Hi George is still available however as per my post I would really like George to go somewhere with a small dog like him or very calm if bigger please feel free to let me know her details if interested and I would be happy to have a chat with her in the first instance about the energy level of her springer.


----------



## Mrs Cape

Strawberryearth said:


> Hi, I was looking at this thread the other day and wondering if it was something I could take on.
> 
> How is George at being left alone for periods? I work, as does my partner, but go home at lunch to see to Betty. Betty is very relaxed with this but I am not sure whether I would be able to take on another dog if he struggled to be left.
> 
> Also, Betty is still a pup (8.5months) so might be a little rambunctious for him, although she is only small.
> 
> A photo would be grand  I love Dachshunds!


Hi, I dont know how to get a photo in here but if you want to give me your email address I can send you one over. :thumbup:


----------



## Quinzell

Did you manage to get in touch with the rescue? If not, could you email them - [email protected]

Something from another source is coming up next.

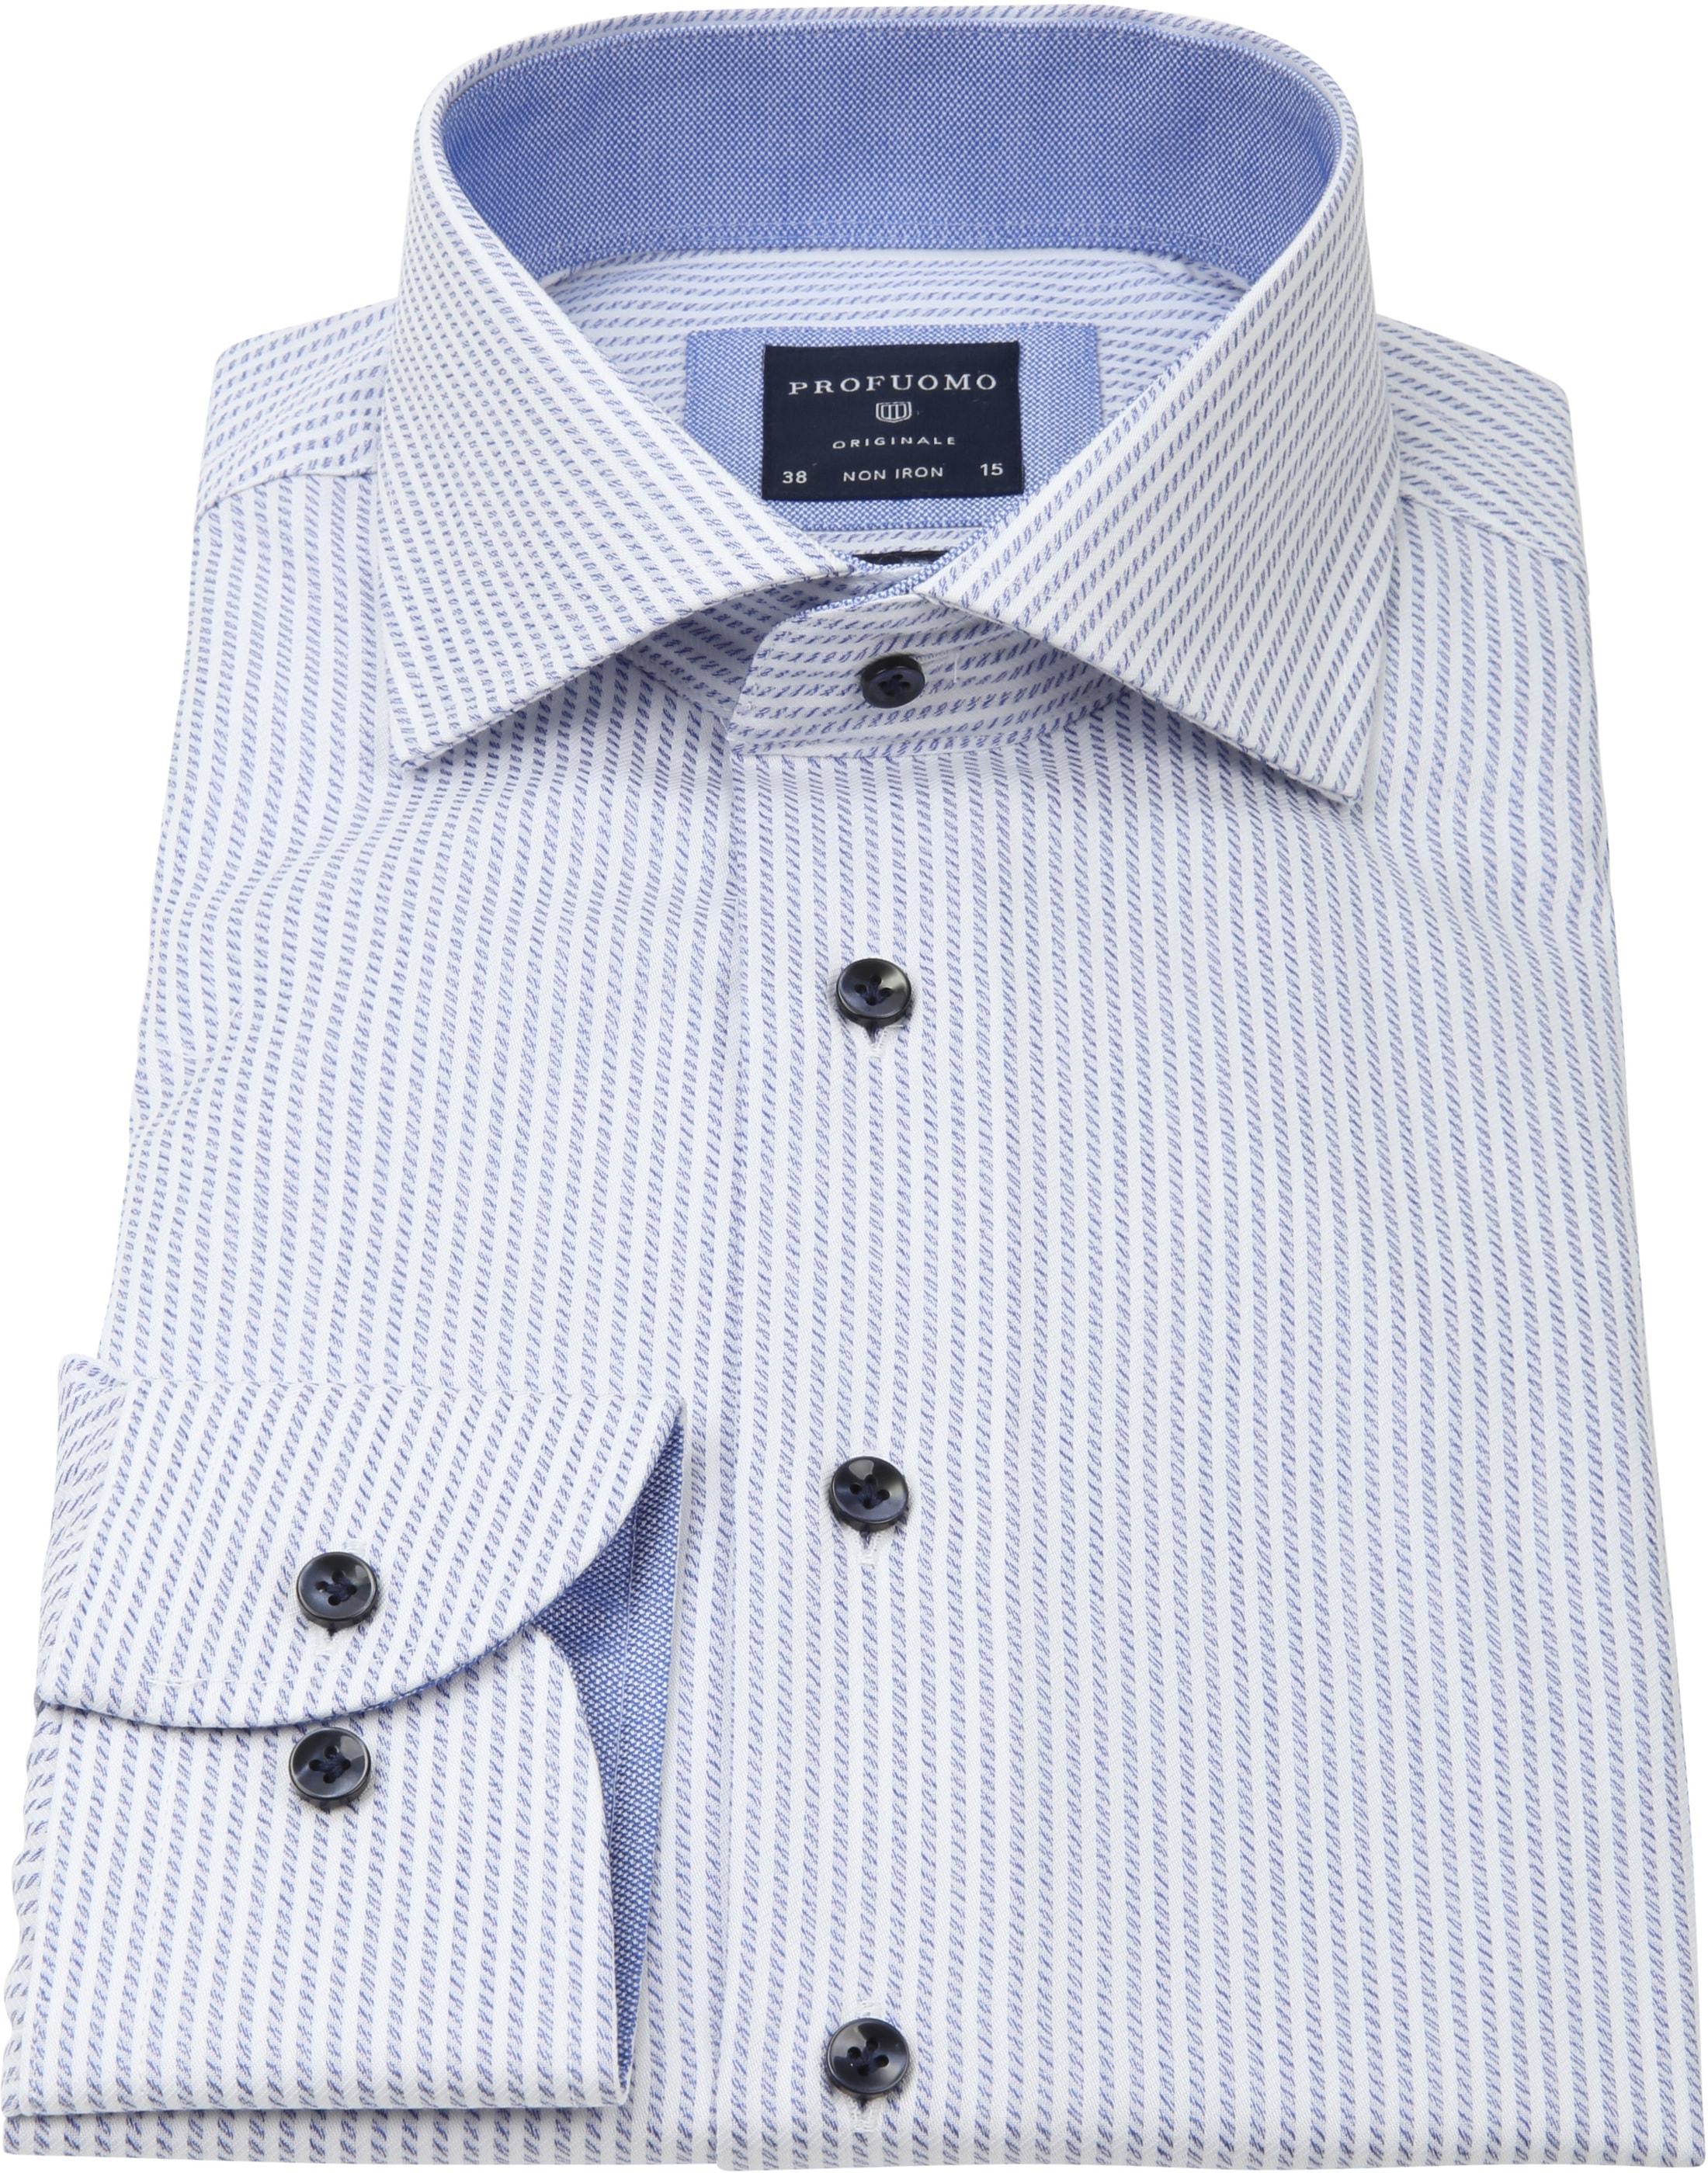 Profuomo Slim-Fit Overhemd Blauw foto 2

I think you need to clarify that it is OK for you to rehome him yourself as that's quite unusual for rescues, I believe.


----------



## Mrs Cape

Hi I spoke to the owner of second chance again this weekend Jo and asked if it were possible for me to keep George whilst they advertise and re-home him she advised they could not do that and I would need to take him back if I wanted them to re home him as they only allow that situation with the approved foster carers due to previous issues however she stated that I COULD RE-HOME HIM MYSELF. I would not be going to all of this trouble if I had signed a declaration stating I would return him nor would I jeopardise his future home by lying. You are more than welcome to contact them yourself if you or anyone else would like clarity as I understand it is unusual however this is an independent rescue.


----------



## Mrs Cape

That post actually sounded harsher than intended, I can assure everyone that I am allowed to re-home myself and have been in touch with the rescue to clarify this on more than one occasion.


----------



## Strawberryearth

I am really sorry, I have spoken to my OH in more depth about the possibility of taking George on and we have decided it isn't something we feel we can do at the moment.

Having Betty from a puppy we were able to train her into our everyday activities and spending time alone etc, things are not flexible enough to change by much if George needs it. So I don't think it is fair on him.

Again, I am truely sorry as we are looking for some company for Betty. I do hope you manage to find a good home for him.


----------



## Mrs Cape

Don't be silly no worries at all. You have been sensible and taken some time to talk things through and that's all I can ask of anyone thinking about offering George a home. I hope you find a little play mate for Betty she is beautiful and I love the name!


----------



## sianrees1979

hi, i have cross-posted this onto the dachshund forum Login


----------



## Mrs Cape

thank you very much, i am still waiting to be approved for this site.


----------



## PennyH

I have spoken to my friend with the springer and she is concerned her springer would also be very high energy and too much for George to cope with. Sorry. i hope you find a forever home for George very soon.


----------



## xxlaylalooxx

Hi just wondering if george is still avalible? x


----------



## Sled dog hotel

xxlaylalooxx said:


> Hi just wondering if george is still avalible? x


The thread is quite old, but there are breed specific dachshund rescues if you are looking to rescue an older daxie

THE DACHSHUND RESCUE

Dachshund Rescue

Dachshund (Miniature Wire-Haired) Breed Rescue


----------



## xxlaylalooxx

Ah great thank you  x


----------



## JanRon

Is this little dog still available. We have a rescued miniture long haired dax. who after a few problems is perfect. She istwo and a half years old adored well looked after, walked on the beach 2/3 times a day and goes everywhere with us We would love to help another daxi and she would love a pal.


----------



## Alfshuman

I'm concerned that the original poster said she hadn't had a response from the official Dachshund Rescue - did you ever get anywhere and where exactly are you in the UK again?


----------



## 1290423

If you got george from a rescue centre you may not legally be the owner of the dog , (maybr not put that right, what I am trying to say is that many rescues stipulate that should the pet ever need rehoming them it must be returned to them) and you may have to return him to them


----------



## 1290423

Opps July 2012 this was initially posted,


----------



## judi523

hi i very interested in george wher do you live i am in wrexham north wles


----------



## newfiesmum

This thread is nearly a year old and I would hope that George has found a home by now. I am closing this now.


----------